Closed yw662 closed 8 months ago

yw662 commented 8 months ago

I am just wondering sth like...

Will [Symbol.dispose] be called when an object is about to be collected, if the user failed to do so ?

If so, that [Symbol.dispose] should be an "implicit resource management" tool, and listed there. And this about fixing the "forever pending promises" issue.

Could [Symbol.dispose] be called twice if it is explicitly called ?

This is about preventing "double free" issue. Or, should a disposed object even set itself to nullish, or put itself into a special "disposed" state ?

ljharb commented 8 months ago

No, if you fail to “using” it, it won’t be disposed.

I believe the symbol dispose method is responsible for ensuring that calling it twice won’t cause problems.

rbuckton commented 8 months ago

This is covered in the explainer, but to summarize:

Another way to think of this is:

Will [Symbol.dispose] be called when an object is about to be collected, if the user failed to do so ?

As @ljharb said, [Symbol.dispose] will only be called at the end of the block as long as you explicitly mark it with using. The GC will not call [Symbol.dispose] implicitly during clean up, as there would no longer been an object reference to call it on.

Could [Symbol.dispose] be called twice if it is explicitly called ?

Yes, and it is recommended that implementers of disposable objects should guard against this, if necessary for their implementations. It is not enforced as there are a number of valid use cases for reusable disposable objects, such as object pools and high-performance, low-overhead tracing. Built-ins like DisposableStack and AsyncDisposableStack also explicitly guard against double-dispose.

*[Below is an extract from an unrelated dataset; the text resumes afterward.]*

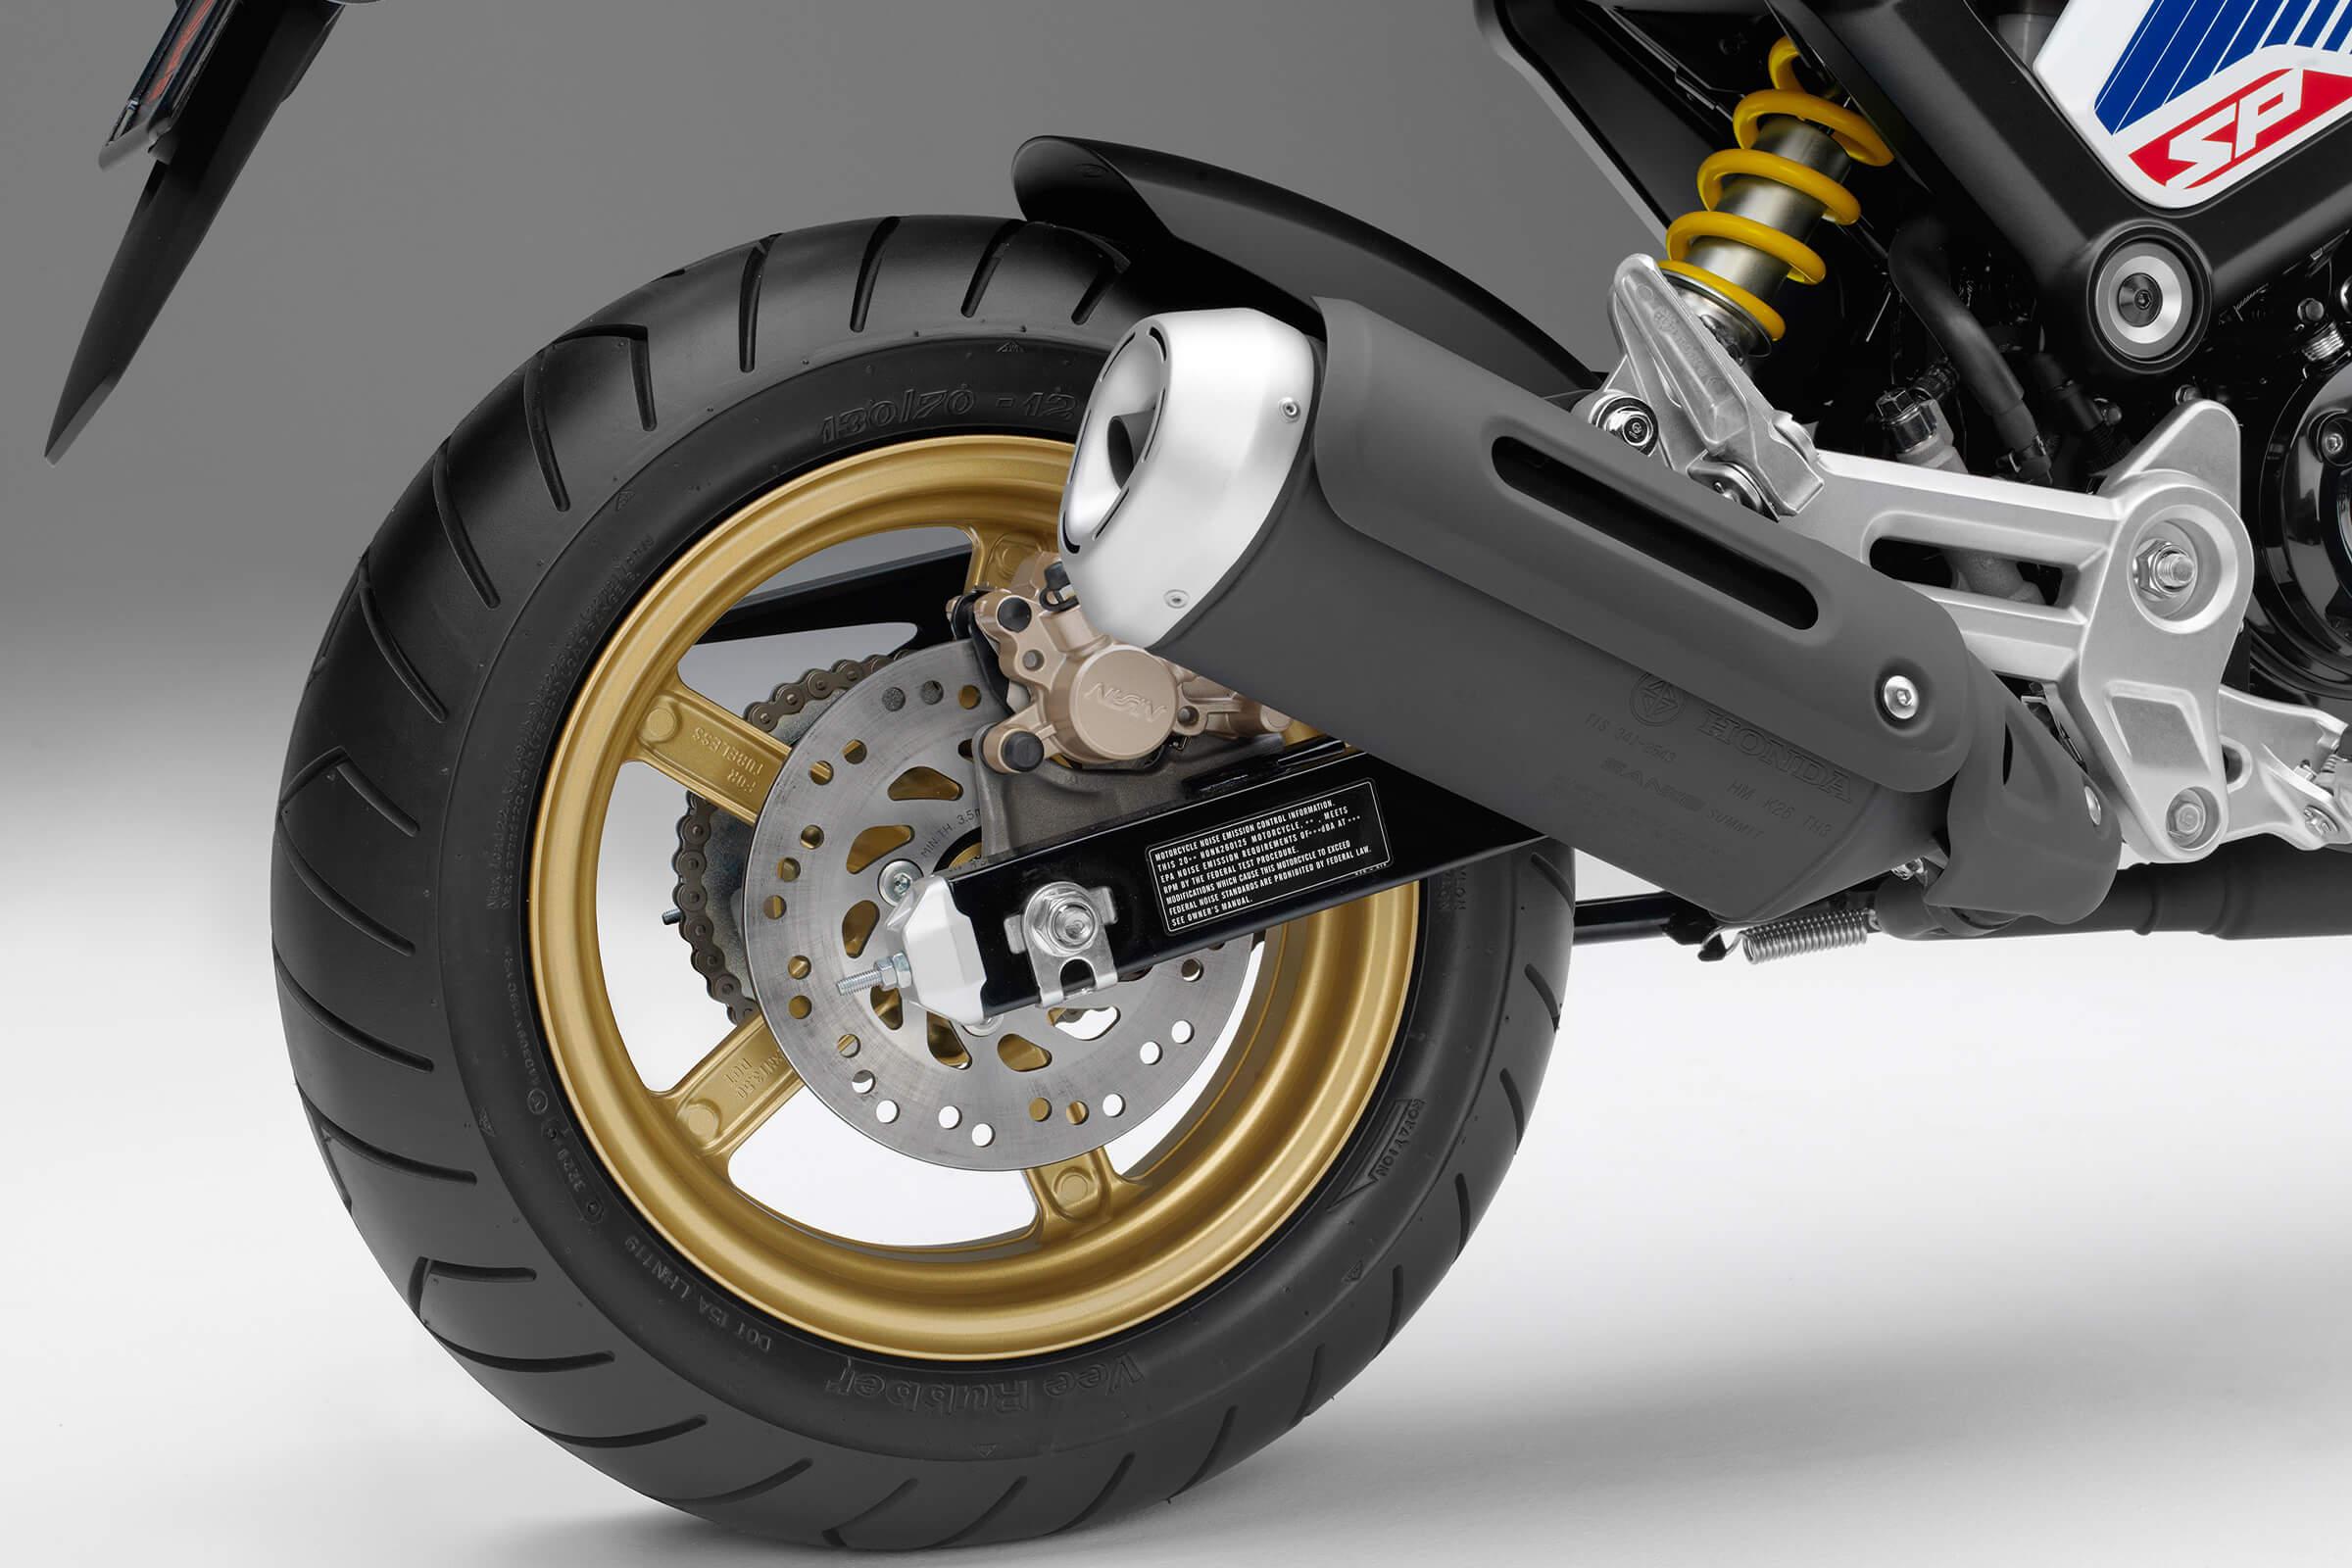 2021 Honda Grom Exhaust System

Or, should a disposed object even set itself to nullish, or put itself into a special "disposed" state ?

As I said, authors of Disposable objects can maintain their own "disposed" state. We discussed somehow giving the binding itself TDZ, but this was ultimately rejected due to implementer concerns, amongst other factors.

yw662 commented 8 months ago

Then some other questions here, the first one is about the "forever pending promises" issue:

I can think of a combination of FinalizationRegistry and Symbol.dispose to dispose the resource both explicitly and implicitly. However, for those who want to enforce explicit resource management:

ljharb commented 8 months ago

@yw662 there's no "detection" whatsoever - that would be implicit. You have to explicitly using something if you want it disposed.

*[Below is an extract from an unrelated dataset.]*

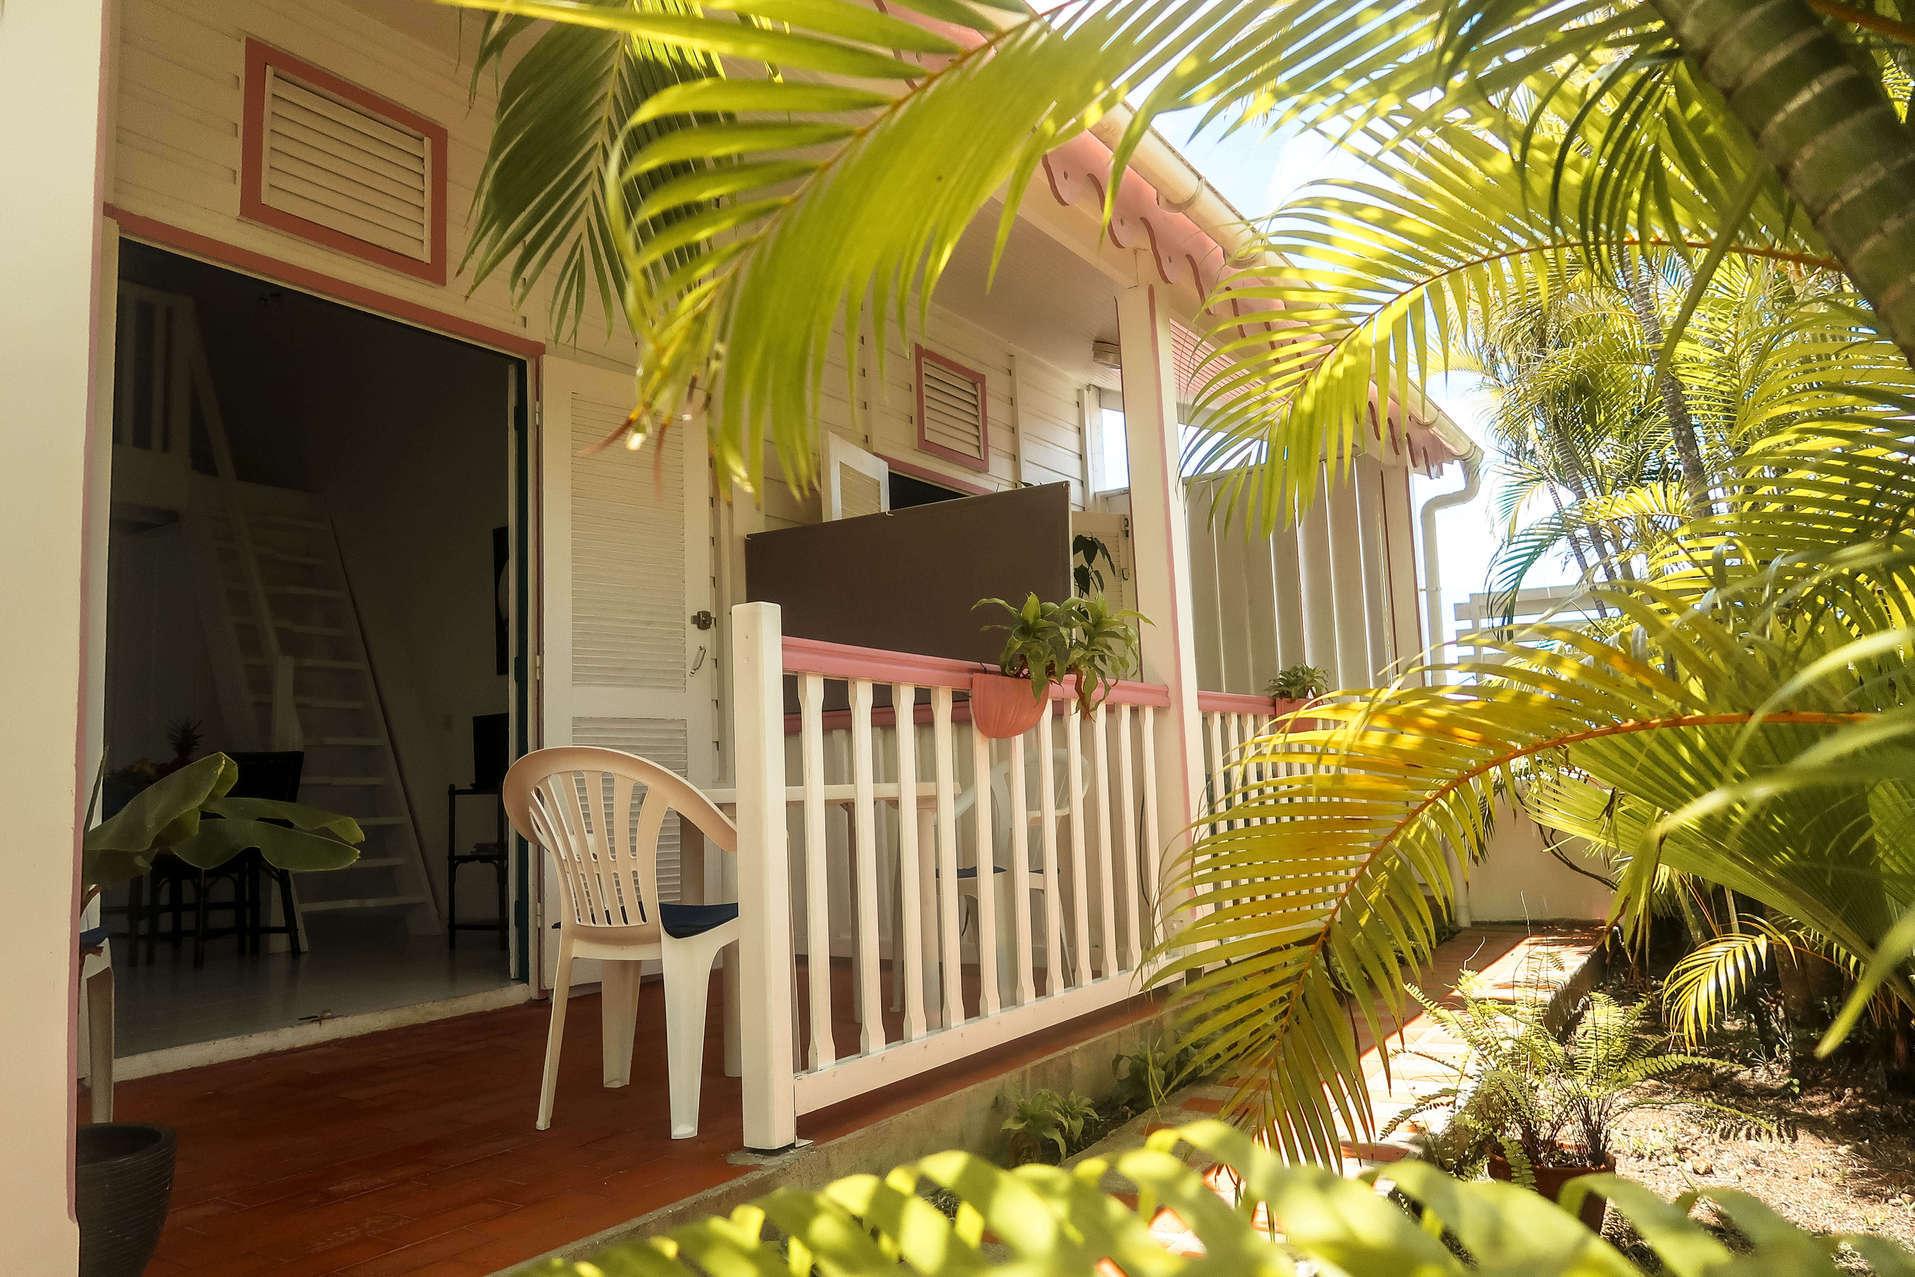 habitation-abricot-location-saisonniere-studio-terrasse-jardin-vegetation

Via a DisposableStack, using syntax may not be involved at all, so it would not be possible or make sense to have any syntax like you're suggesting.

yw662 commented 8 months ago

@ljharb

implicit. You have to explicitly using something if you want it disposed.

eg.

async function foo(){
    using bar = baz()
    await new Promise(()=>{})
}

There is a "using" but it may not just work this way.

ljharb commented 8 months ago

@yw662 that "uses" baz(). promises aren't disposable, and await new Promise(() => {}) is like an infinite loop - i would expect the thing to never dispose.